Just the same as (d) with more independent variables.

7. (f) What is the “baseline”?


Let me give you another example. Say you have data of individuals’ annual wage and education. Assume, for the sake of simplicty, the education variable only tells us whether individuals went to college but didn’t go on to graduate school or not and went to graduate school or not. Namely, it has three categories: high school diploma or lower, college degree, and graduate degree holders. If you are interested in the wage returns to graduate education, which of the following models is more appropriate (here, assume there is no concern of endogeneity.)? Why?

  • \(\log wage = \beta_0 + \beta_1 graduate + \varepsilon\)
  • \(\log wage = \beta_0 + \beta_1 college + \beta_2 graduate + \varepsilon\)

8. (g) What is the formal “baseline”?


Don’t confuse the two different baselines.

9. (h) Sandwich again


My hypothesis is many people attending this session will have a sandwich for lunch. Again, we can use sandwich package. This time we use the vcovCL function. For comparison, let us align three columns with different SEs.

se <- sqrt(diag(vcov(result))) # usual SEs
seCL <- sqrt(diag(vcovCL(result, cluster = ~ hh_id)))

stargazer::stargazer(result, result, result, 
                     type = "html",
                     se=list(se, seHC, seCL),
                     keep.stat = c("N"),
                     title = "Table 3: Different SEs",
                     add.lines = list(c("SE type", 'Normal', 'HC2', "CL")),
                     digits = 5)
Table 3: Different SEs
Dependent variable:
voted
(1) (2) (3)
civic -0.01869 -0.01869 -0.01869
(0.02713) (0.02682) (0.02695)
Constant 0.32408*** 0.32408*** 0.32408***
(0.00905) (0.00907) (0.00908)
SE type Normal HC2 CL
Observations 3,000 3,000 3,000
Note: p<0.1; p<0.05; p<0.01



Observe that \(\text{"Standard" SEs} < \text{HC SEs} < \text{CL SEs}\) in this case. How can this possiblly affect your conclusion drawn from statistical tests?
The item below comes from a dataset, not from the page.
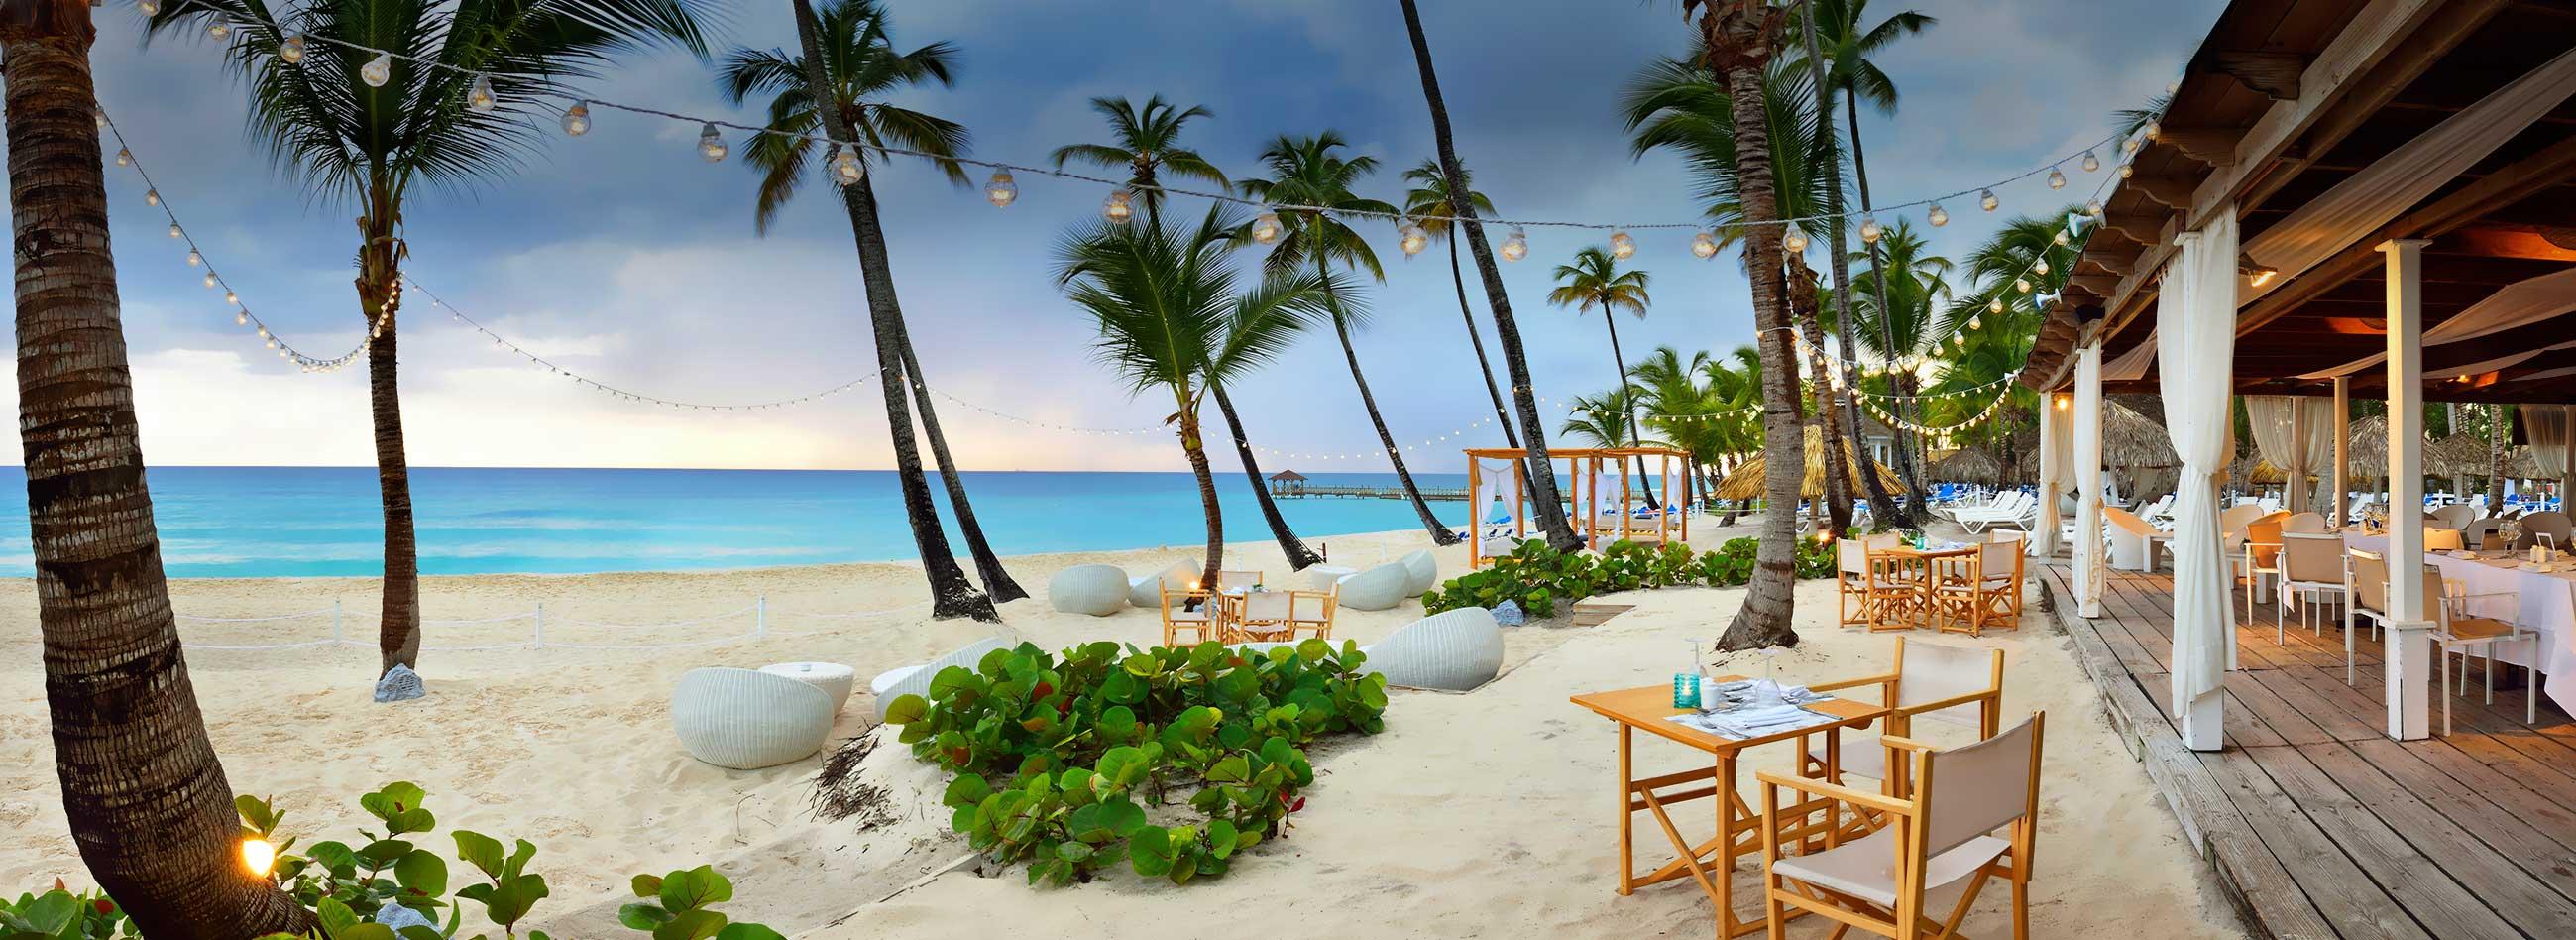 4-vacaciones-caribe-hoteles-catalonia

How does it actually turn out?

-1. Desserts


Sometimes we see a different spelling for “heteroskedasticity” or “homoskedasticity”. It’s “heteroscedasticity” or “homoscedasticity”. There used to be a controversy on which spelling is correct until McCulloch (1985) (in Econometrica!) pointed out that “-skedasticity” is correct in terms of etymology. The “-skedastic” part means “scatter” in greek (\(\sigma\kappa\varepsilon\delta\alpha\gamma\gamma\nu\nu\upsilon\mu\iota\)). And in the English language, the counterpart letter for the Greek letter “\(\kappa\)” is “k”, so “-skedasticity” should be the right one. There is also a fascinating paper that studies how the different spellings were used in academic literature by counting the frequency using Google Books Ngram Viewer (See Paloyo (2011)).


  1. Graduate School of Economics, Waseda University,

  2. Here, we use the stargazer function from stargazer package. This package is actually a little obsolte, but we use it anyway.